The trouble with "top 10" lists



From an email to a friend:
I believe we’ve talked about the silliness of top ten lists and the like. Musical accomplishment is too multidimensional to admit of any sensible linear ordering.

This list of trumpeters illustrates the problem nicely. All 10 are excellent and each has a permanent place in the history of jazz. But the ordering is somewhat arbitrary. I’m sure the guy who did the list could justify it. Heck, I could justify it if it came to that. But why should it come to that?

I rather suspect that Armstrong is first in the list because he was the first major trumpet soloist in jazz. But it’s not like being older than the others is some kind of personal or artistic accomplishment. It just happened. If you set that aside and think of whatever the hell the dimensions of artistic excellence are, it’s not clear to me that he belongs first.

But being first does have one very important effect: You get to influence everyone else.
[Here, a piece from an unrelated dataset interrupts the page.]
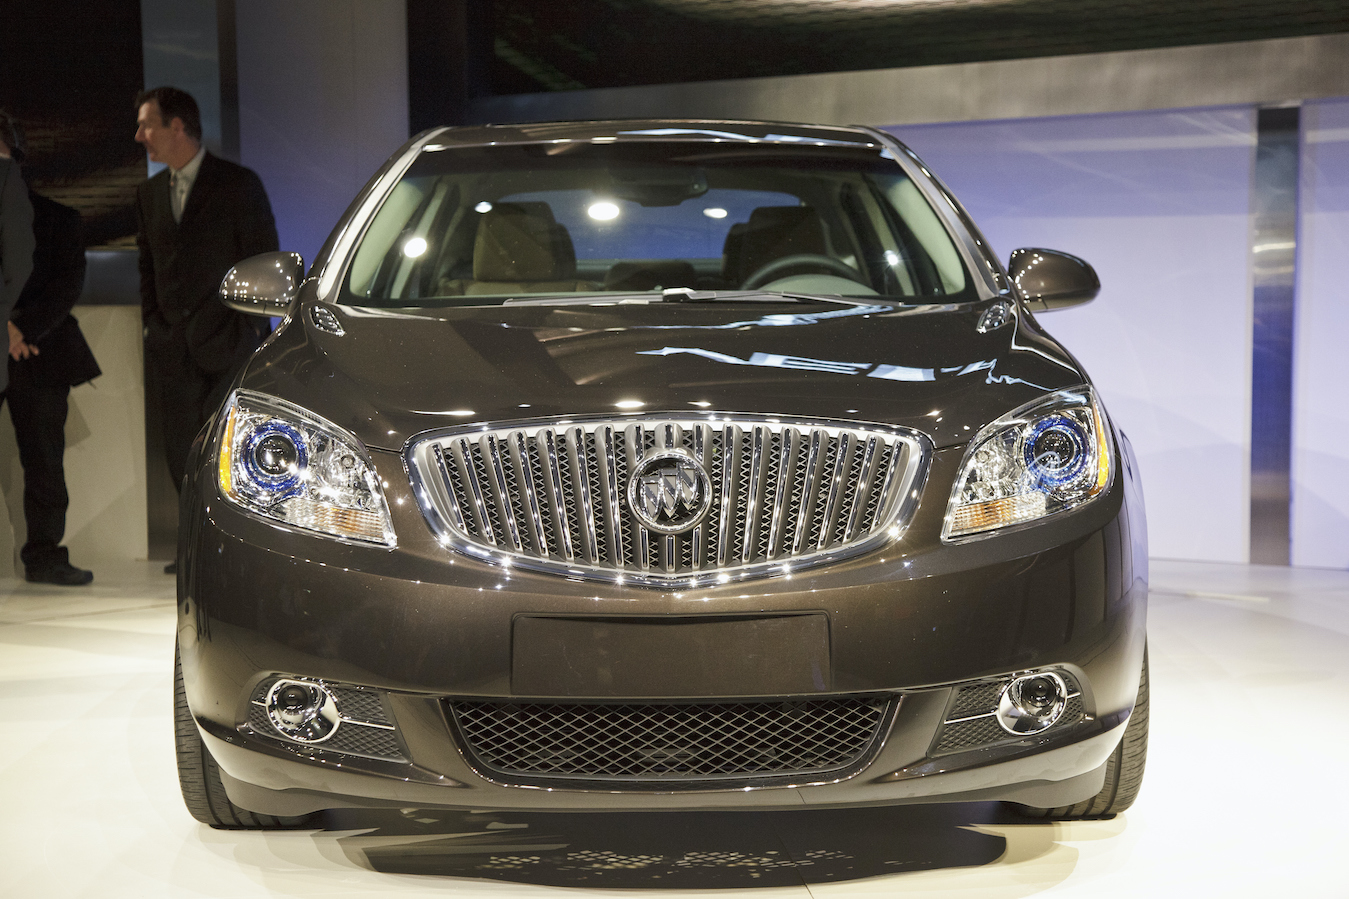 The Buick Verano being unveiled at a press event at the 2011 North American International Auto Show

What does that have to do with excellence, however? And THAT’s a real question, for which I can’t offer an easy answer. It’s certainly important in the evolution of the system. Still, it seems to me that excellence is one thing, temporal priority another.

I could see perhaps dividing the list in two, with Armstrong, Gillespie, and Davis in one group and the rest in another group. I might almost be willing to take a crack at justifying that. But not much more.

And even then, what about Beiderbecke, who’s 9th on the list, I believe. He had a distinctly different style from the others, a simpler and more lyric style. That’s worth something. Alas, he died young, perhaps if he’d lived to 40 or 50 or, who knows, 70, he might have accomplished a lot more. But then Clifford Brown died in a car crash in his mid-20s, Fats Navarro didn’t make it to 30 (TB and heroin), and Lee Morgan was shot by his girlfriend in his mid-30s. There’s a lot of “if only this or that did or didn’t happen” in this world. Are we to take that into account? It seems to me that if you’re at the point where you’re trying to wrestle with that, you’re probably trying for more precision than is sensible.